For Matthew's investment, the continuous compounding formula can be used:

[tex]A = P \times e^{rt}[/tex]

Where:

A = Final amount

P = Principal amount (initial investment)

e = Euler's number (approximately 2.71828)

r = Annual interest rate (in decimal form)

t = Time (in years)

In this case,

Matthew's money has tripled,

So A = 3P.

For Parker's investment, the formula for compound interest compounded annually is used:

[tex]A = P \times (1 + r)^t[/tex]

Where:

A = Final amount

P = Principal amount (initial investment)

r = Annual interest rate (in decimal form)

t = Time (in years)

We need to find t when Matthew's money has tripled in value.

Let's set up the equation:

[tex]3P = P \times e^{rt}[/tex]

Dividing both sides by P, we get:

[tex]3 = e^{rt}[/tex]

Taking the natural logarithm of both sides:

ln(3) = rt

Now we can solve for t

t = ln(3) / r

For Matthew's investment,

r = 3 1/8% = 3.125% = 0.03125 (as a decimal).

For Parker's investment,

r = 2 3/4% = 2.75% = 0.0275 (as a decimal).

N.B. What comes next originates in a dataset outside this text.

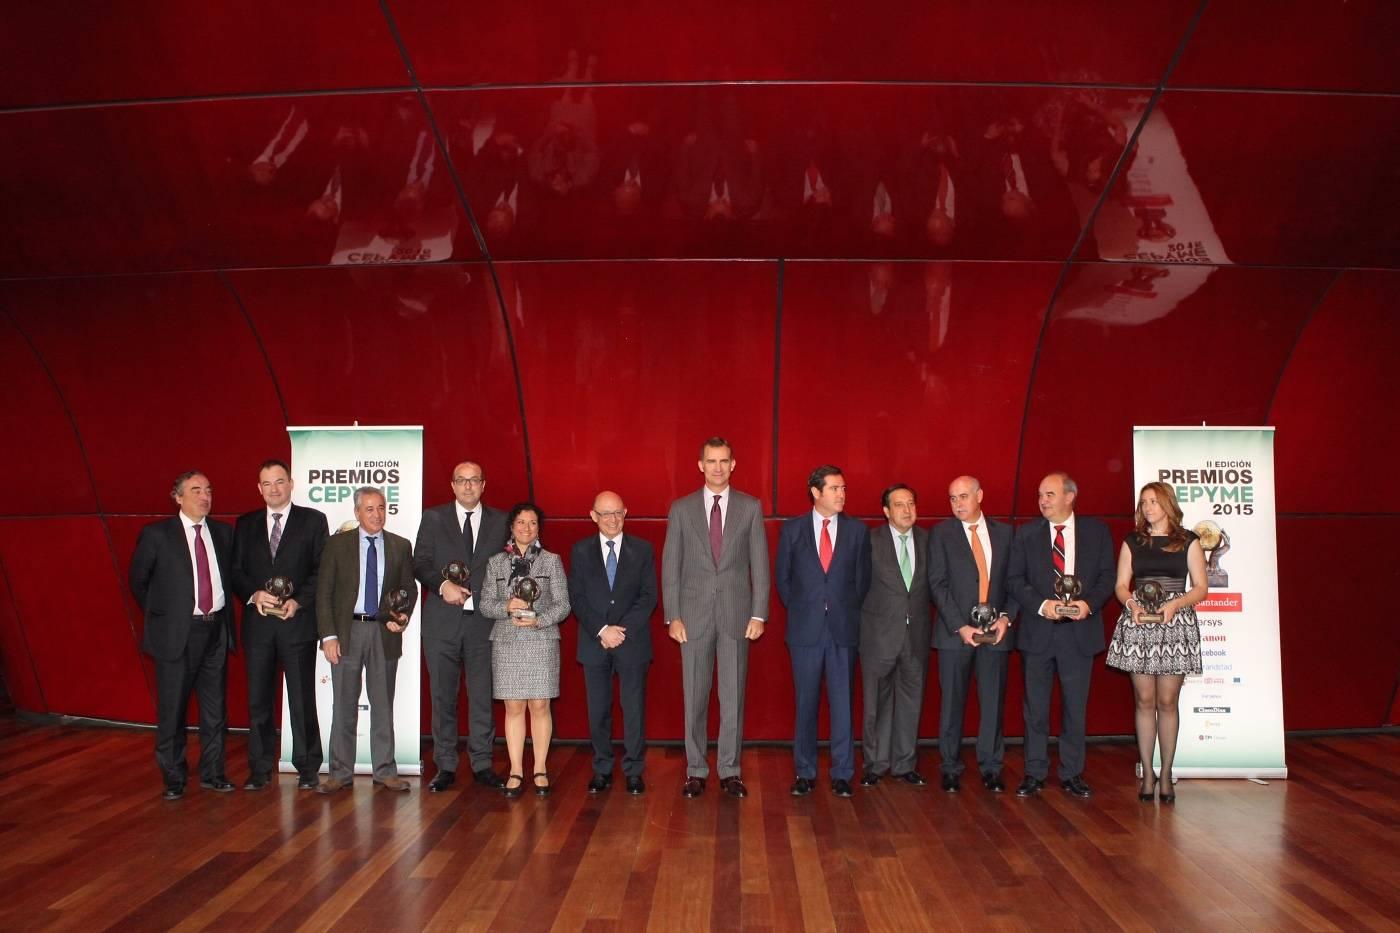 Don felipe rey con autoridades y galardonados premios cepyme 2015 - Tecnove Security premiada por su compromiso con la inclusión laboral
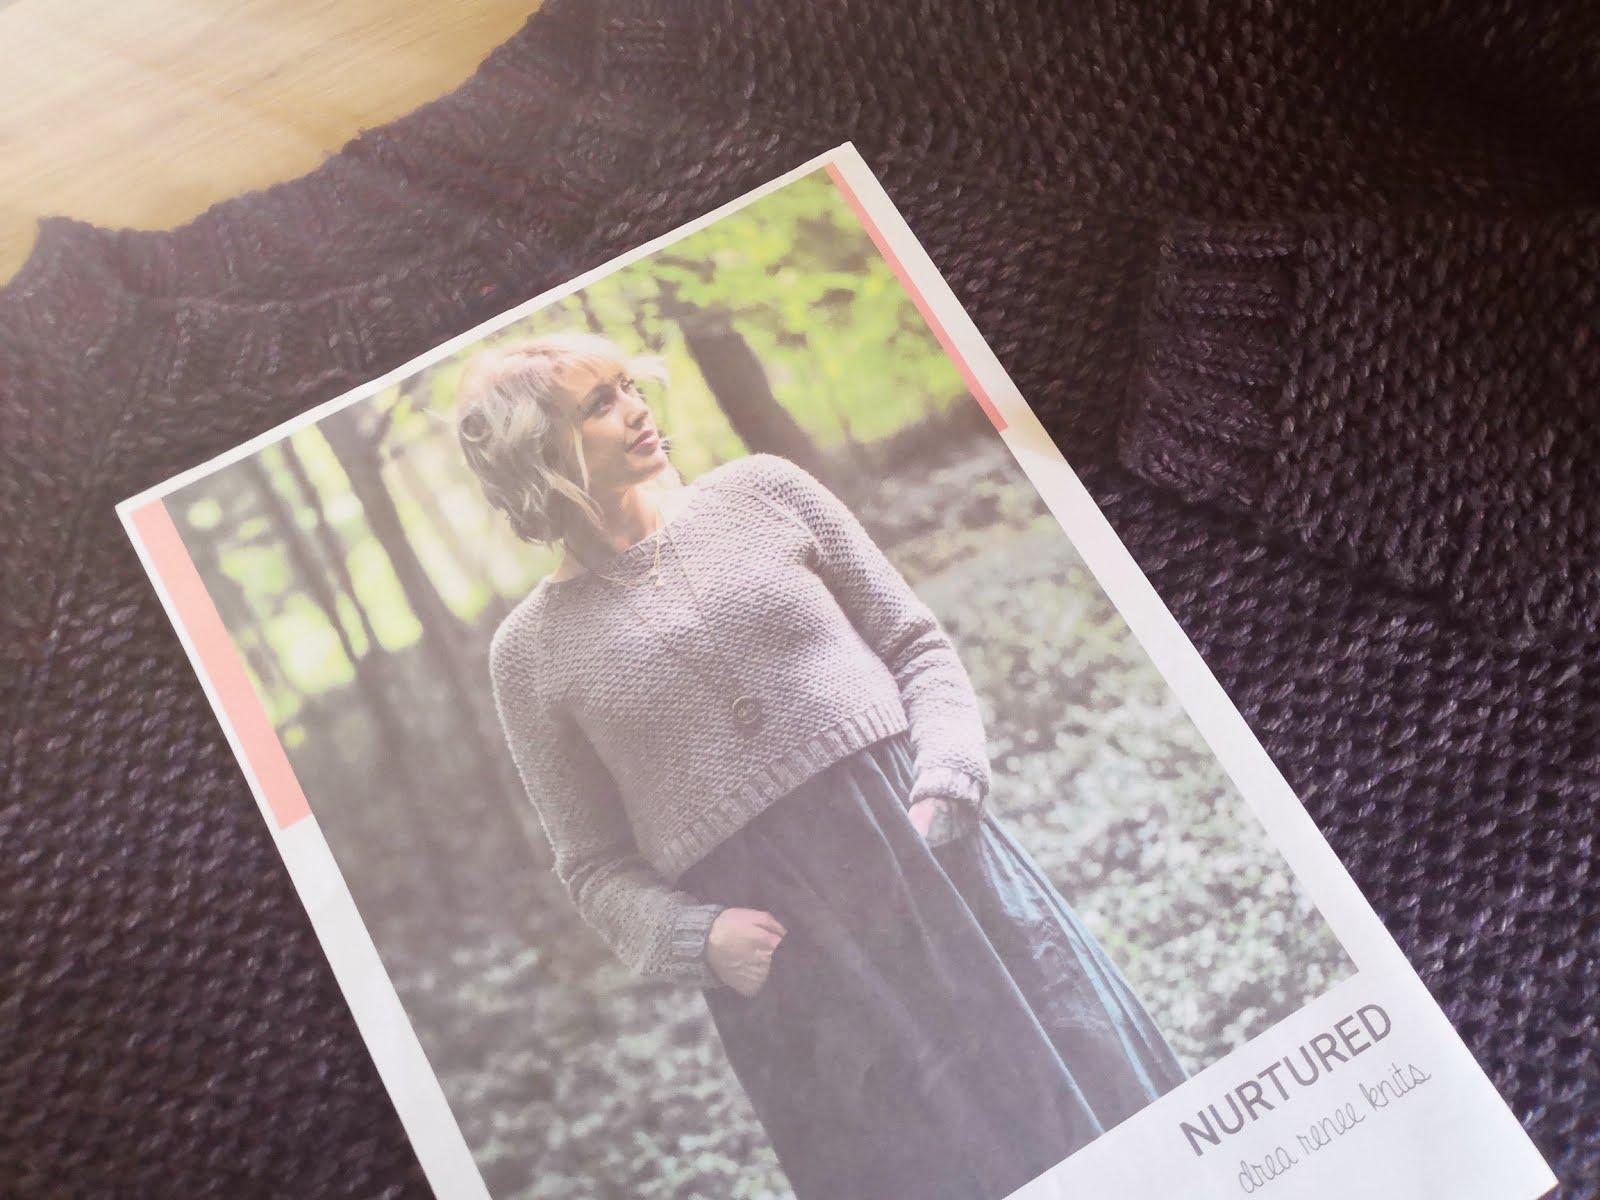 Nurtured Sweater Pattern Review

Now we can calculate t for Matthew's investment:

t = ln(3) / 0.03125

Using a calculator, we find t ≈ 22.313 years.

Now, we can calculate how much money Parker would have in his account at that time:

[tex]A = P \times (1 + r)^t[/tex]

[tex]A = $8,000 \times (1 + 0.0275)^{22.313}[/tex]

Using a calculator, we find A ≈ $13,774.

Therefore,

Parker would have approximately $13,774 in his account when Matthew's money has tripled in value.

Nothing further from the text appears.